The right way to perform sequence classification with RNN using a sliding window?

Hello,
I want to use an RNN (specifically LSTM) in order to classify a sequence.
The input is a simple sequence with 1000 datapoints (think audio signal), I want to use an RNN in order to classify the sequence and I want to do it with a “sliding window approach”.

An example size of an input will be [64,1000] where 64 is the minibatch size and 1000 is the sequence length (64 samples of sequences each 1000 datapoints in length)

Previously I tried manually looping in the forward function each time sending the LSTM a part of the sequence.
I did it without a sliding window approach, so I just separated the sequences by 10 and sent them to LSTM.
I also added a dimension in order to be able to insert it into the LSTM.
So here the input to the LSTM was [1,64,100]. On each loop I took the hidden state from the previous loop and fed it to the next LSTM.
I was able to overfit the network on a few samples (to check for bugs) but I was unable to converge for the bigger problem.
I think there is a flaw in my design because I input to the LSTM a “part” of my sequence at a time, but I believe I should’ve inputted all the parts at once in the first dimension.
Also, I was thinking of a sliding window (where the LSTM would evaluate the sequence with a sliding window instead of non-overlapping parts one at a time)

Now I’m interested if you can suggest a better solution to my problem.
First, I transformed the input:
lets look at a simple example:
minibatch: 2 sequence_length:11 sliding_window_width: 5 sliding_window_stride: 2
The input would be [2,11] and I want to transform to [4,2,5]
(a short explanation: for each sequence (of length 10) I want to create “an array” which consists of the “sliding windows” of that sequence.
a sequence [0,1,2,3,4,5,6,7,8,9,10]
would transform to [[0,1,2,3,4],[2,3,4,5,6],[4,5,6,7,8],[6,7,8,9,10]]
I did this with this loop (I did this in the forward function and it’s performed on each minibatch):

input = torch.from_numpy(np.array([[0,1,2,3,4,5,6,7,8,9,10],[10,11,12,13,14,15,16,17,18,19,20]]))
splitInput = Variable(torch.zeros(4, 2, 5))
for i in range(4):
splitInput[i] = input[:,i2:(i2+5)]

So now I have (what I think is) a correct format to input to the LSTM which is
"(seq_len, batch, input_size)"
which is (as I understand it):
(“number of time steps/num of sliding windows”, batch, "actual sequence length/width of the sliding window)
Am I correct?

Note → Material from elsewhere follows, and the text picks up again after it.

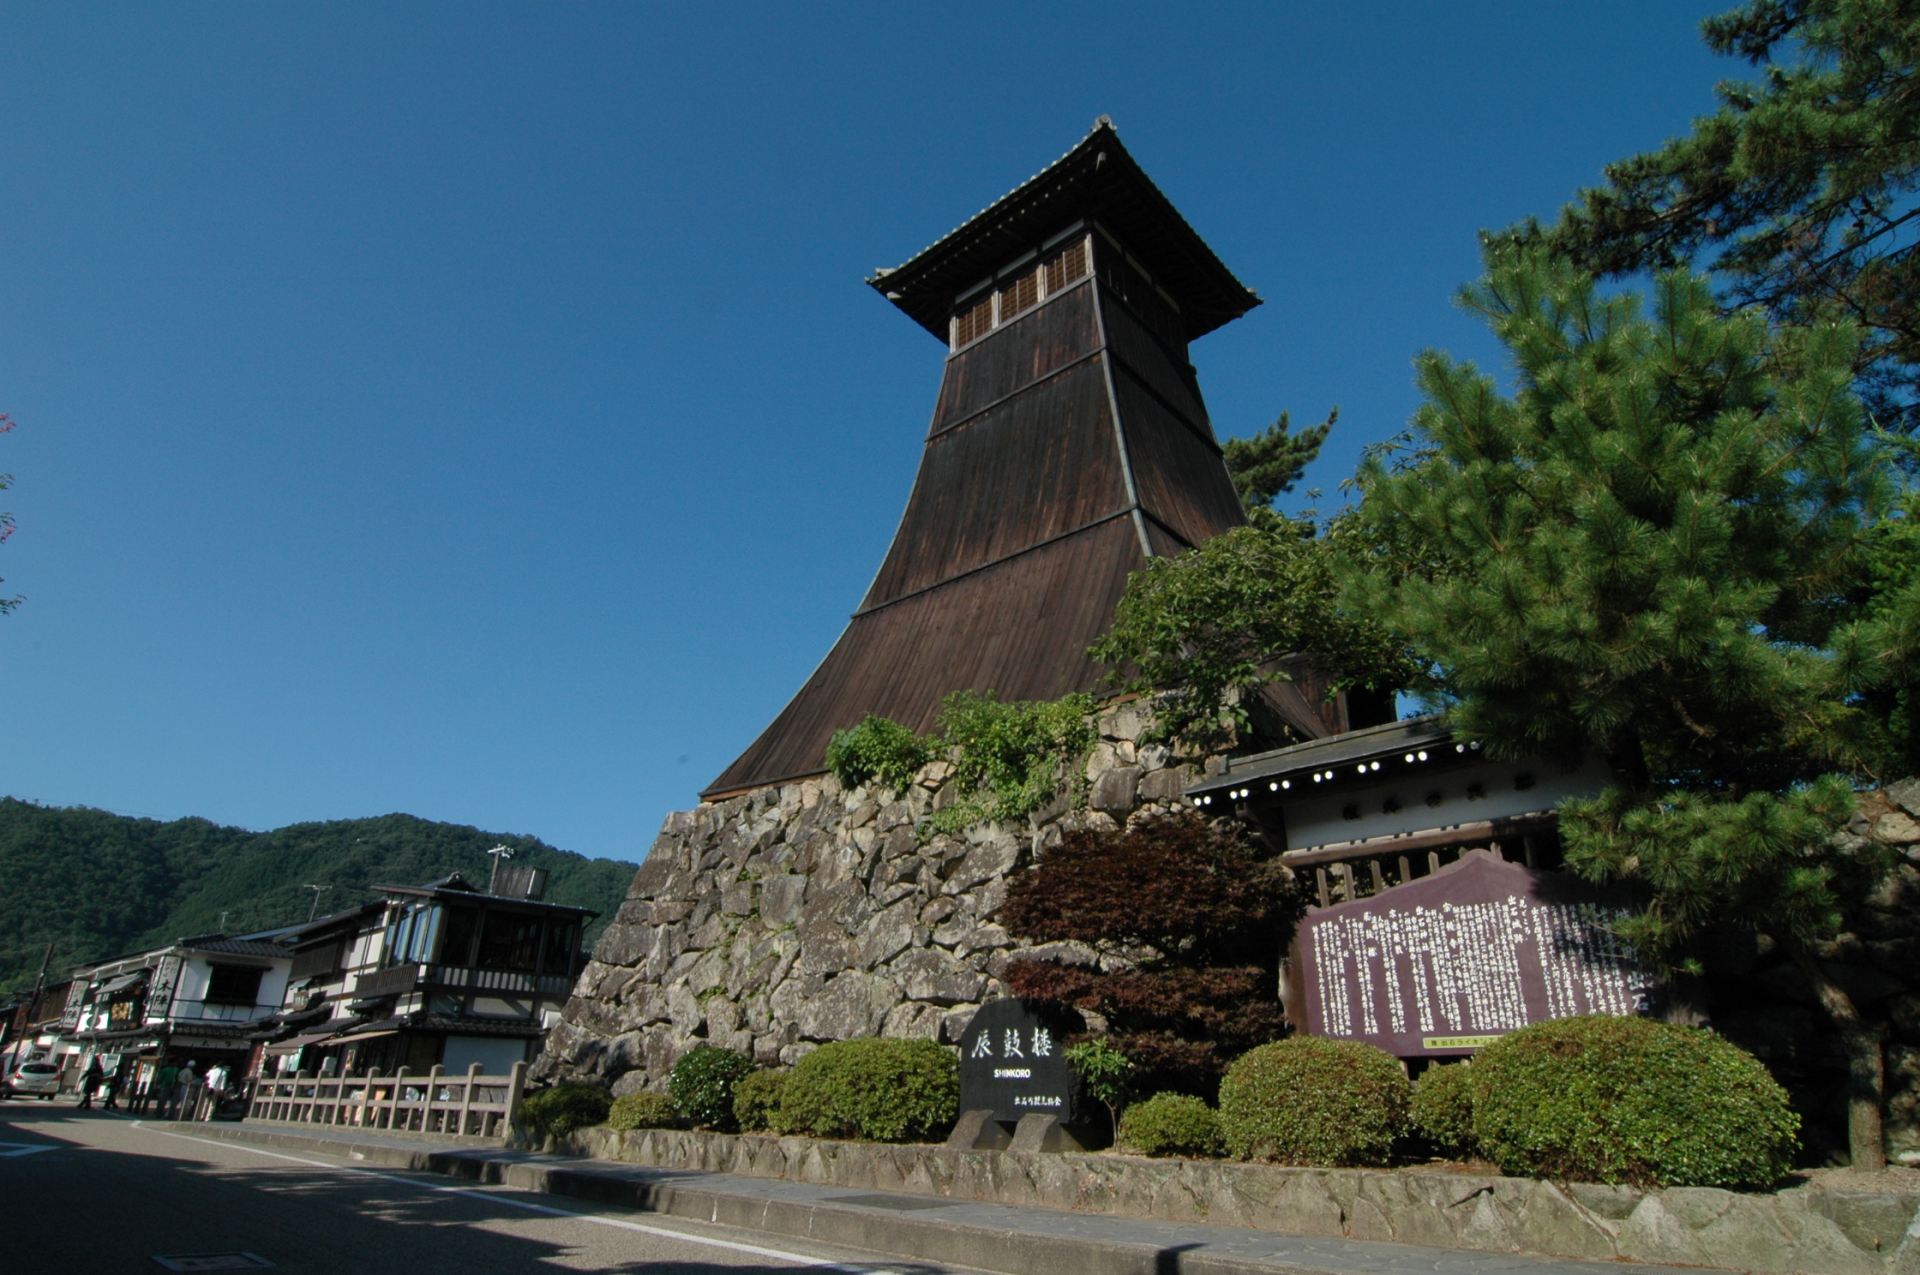 En la calle Otemae, la torre del reloj Shinkoro añade ambiente a la ciudad.

Is there a better way to perform this transform? maybe with np.hstack but I couldn’t find a way.

I tried inputting it into an LSTM, the output from it is [“num of sliding windows”, batch, hidden_size].
On a side note, the LSTM required me to initiate it with nn.LSTM(width_of_sliding_window, hidden_size, num_of_layers) while in the design before I could input whatever I wanted in the first argument.
After the LSTM I feed the output (of size [“num of sliding windows”, batch, hidden_size]) to a Linear layer with the sizes of "nn.Linear(num_of_sliding_windowshidden_size, num_classes)". But I need to transform it first in order to use it in the linear layer, I perform the next transformation "output.transpose(0,1).contiguous().view(batch,-1)"
This transform results in a tensor of size: [batch, num_of_sliding_windows
hidden_size]
After the linear layer I’m left with an output of [batch, num_classes]
Then I used cross entropy as the loss function.
I tried over-fitting the network on a few samples and expected to get to a minimal loss because the network would “remember” the samples. Unfortunately I was not able to over-fit, which probably because there is a bug in my design. Can you spot a problem with the design? maybe some of the later transforms mixed the samples? maybe the design it’self is flawed? maybe I don’t understand the actual required input to the LSTM and it doesn’t work?
EDIT: actually I was able to over-fit, I just increased the num_hidden… still any suggestions would be appreciated.
Any help with the current design will be appreciated.

Also, if you know or think of a better design to solve this type of problem I would be really happy to hear that.

Thanks.

p.s- I’m relatively new to pytorch and DL so please don’t be mad if I understood something wrong, or very very wrong… I would appreciate any explanations or links explanations.

p.s.s- I also searched for any example of pytorch/rnn/sequence and most of the examples were either for video of for text (which is very different from a simple sequence like audio) and I tried implementing what I understood from the examples in the first design I wrote about.